WHAT NEEDS TO BE DONE
Pictures do not belong in the copy. Write out exactly the lines from the one containing "Det signatur Apple" through the end of the data.

Entries taken from a collection:
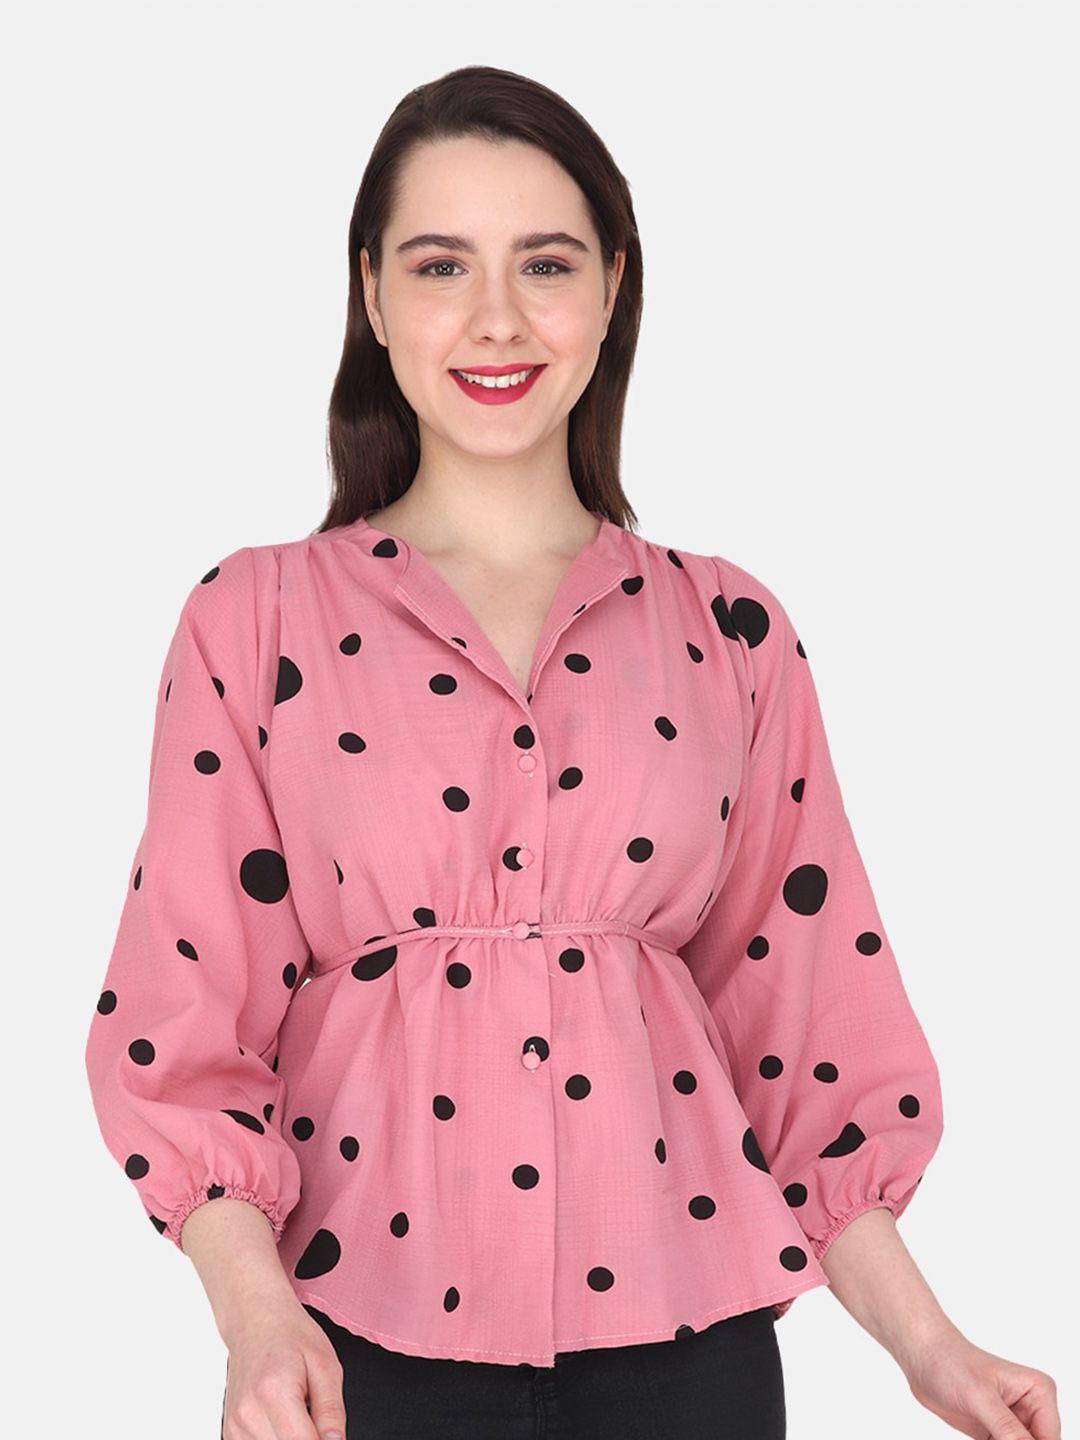 albion puff sleeves polka dots print cinched waist top
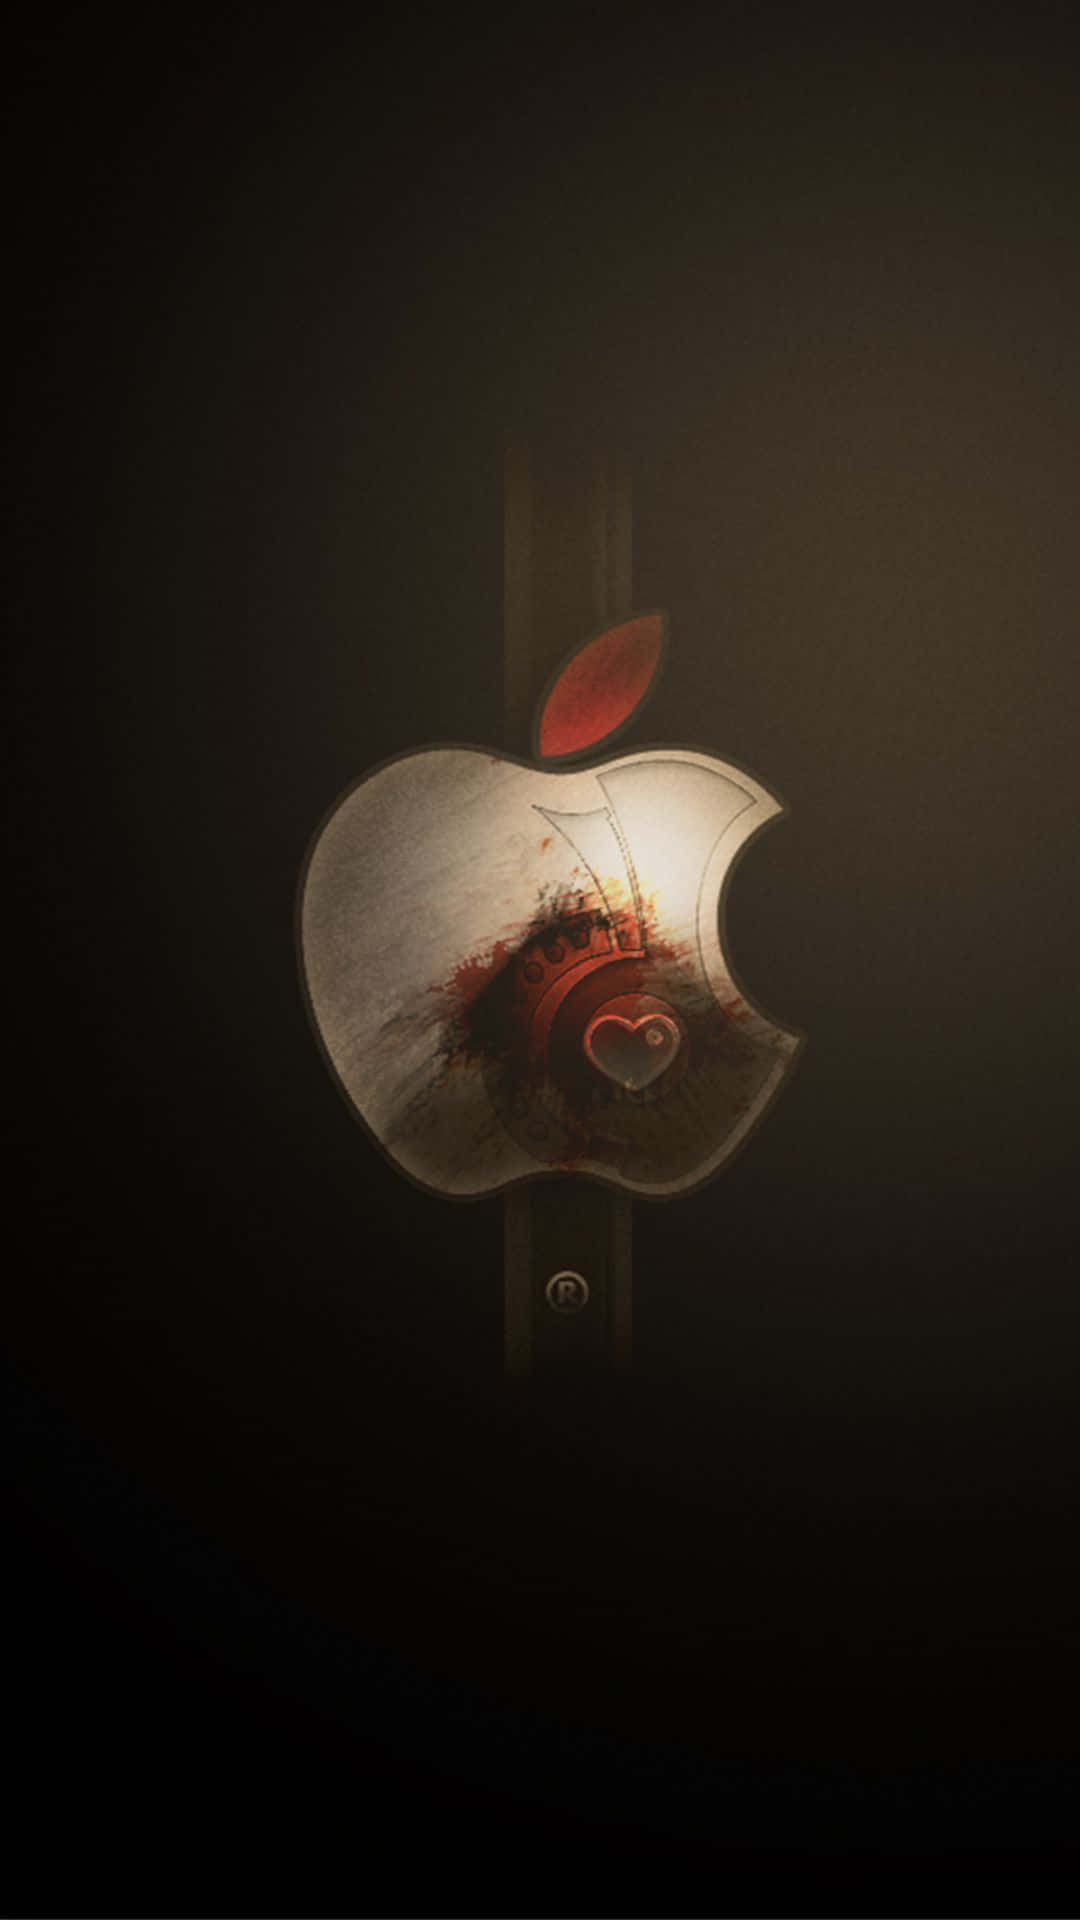 Det signatur Apple logo på en iPhone X Wallpaper
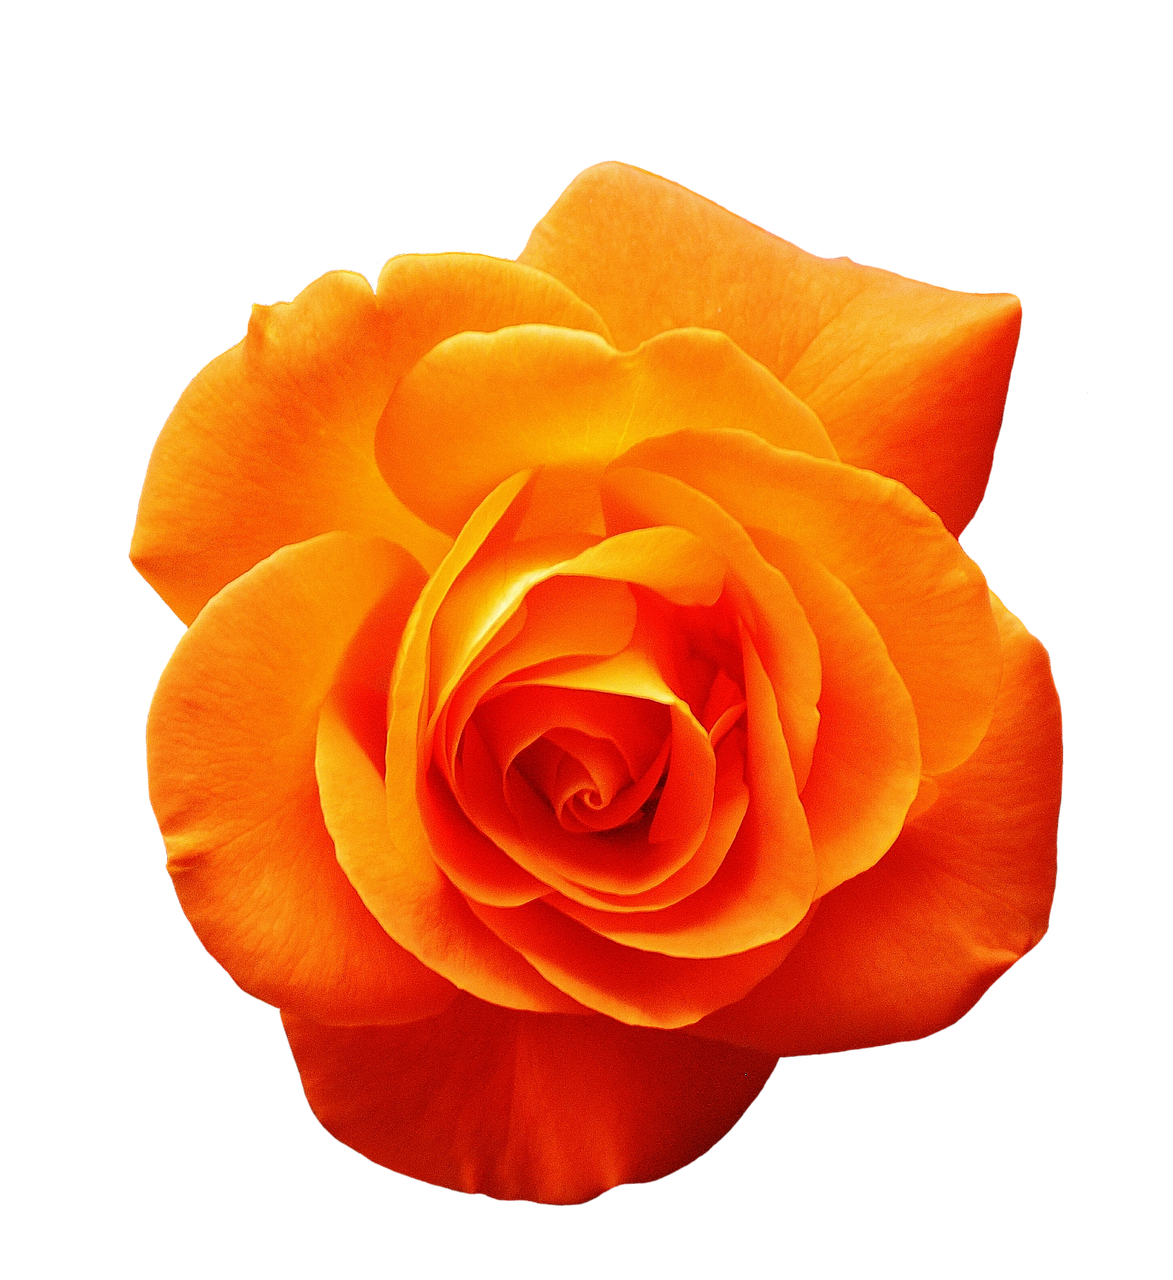 rose orange blossom free photo
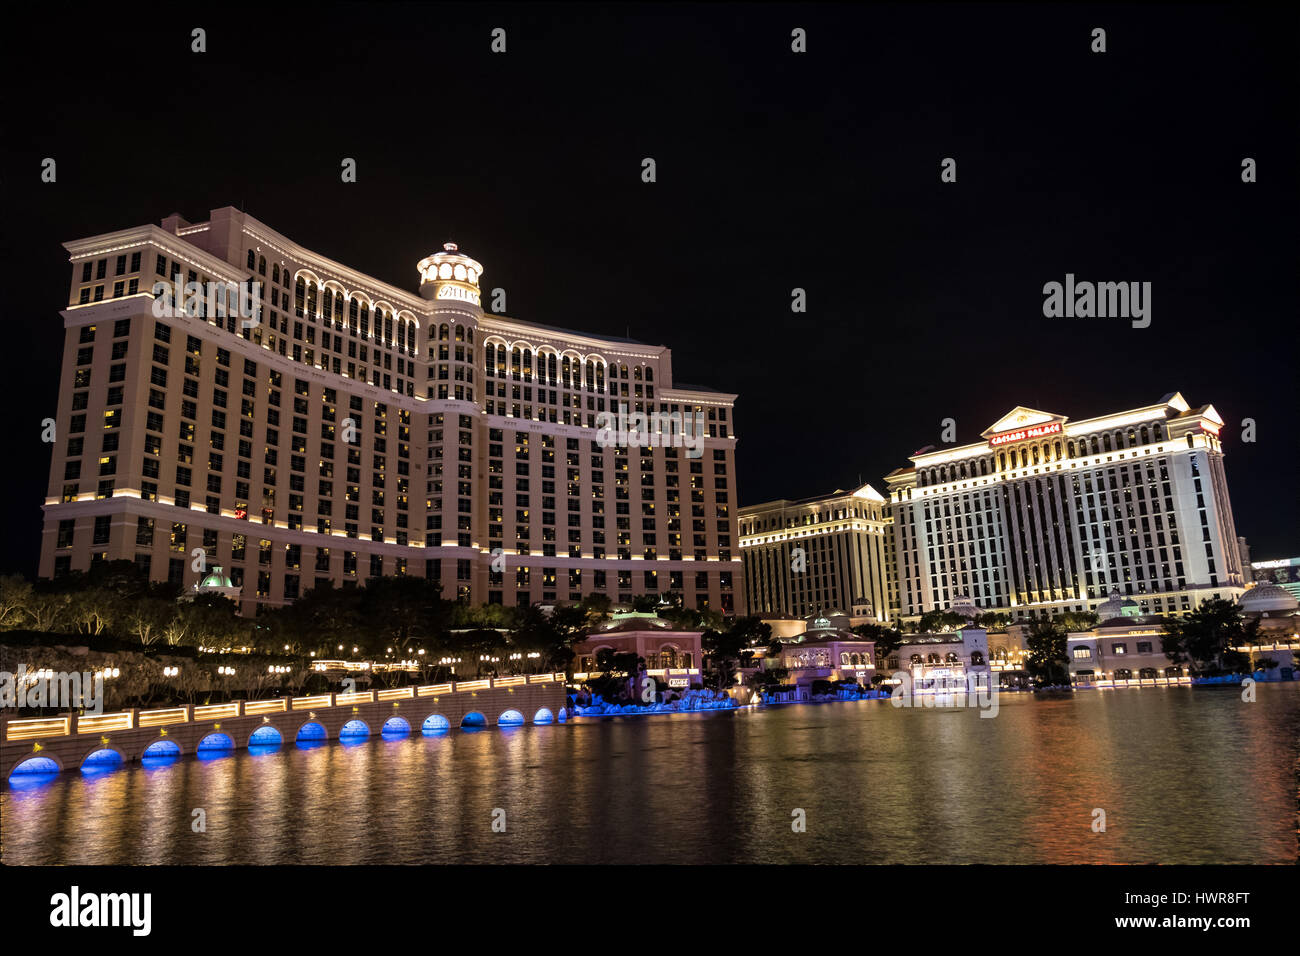 Bellagio Hotel Casino at night - Las Vegas, Nevada, USA Stock Photo
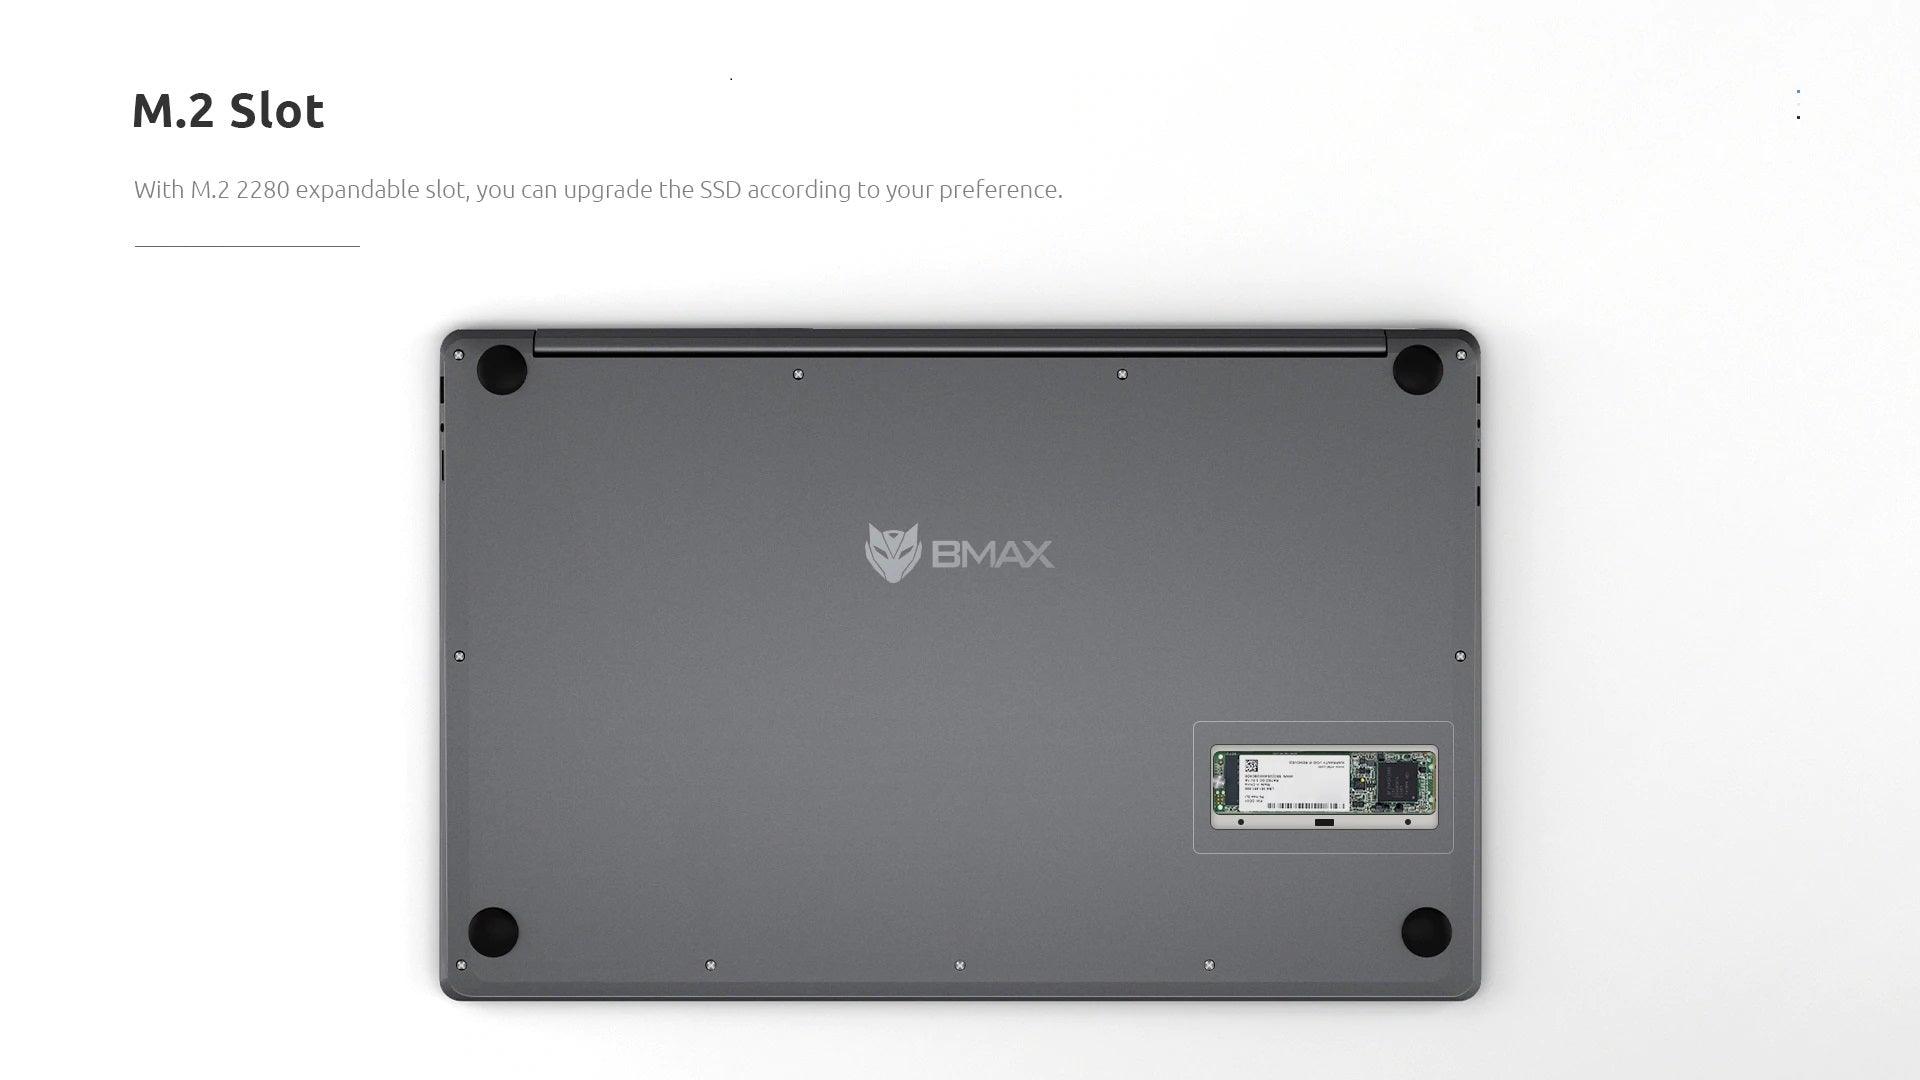 BMAX X15 Laptop - 15.6 Inch, Intel Gemini Lake N4100, 8GB RAM, 128GB SSD, Intel UHD Graphics 600 - dealskart.com.au

RESULT
 Det signatur Apple logo på en iPhone X Wallpaper
 rose orange blossom free photo
 Bellagio Hotel Casino at night - Las Vegas, Nevada, USA Stock Photo
 BMAX X15 Laptop - 15.6 Inch, Intel Gemini Lake N4100, 8GB RAM, 128GB SSD, Intel UHD Graphics 600 - dealskart.com.au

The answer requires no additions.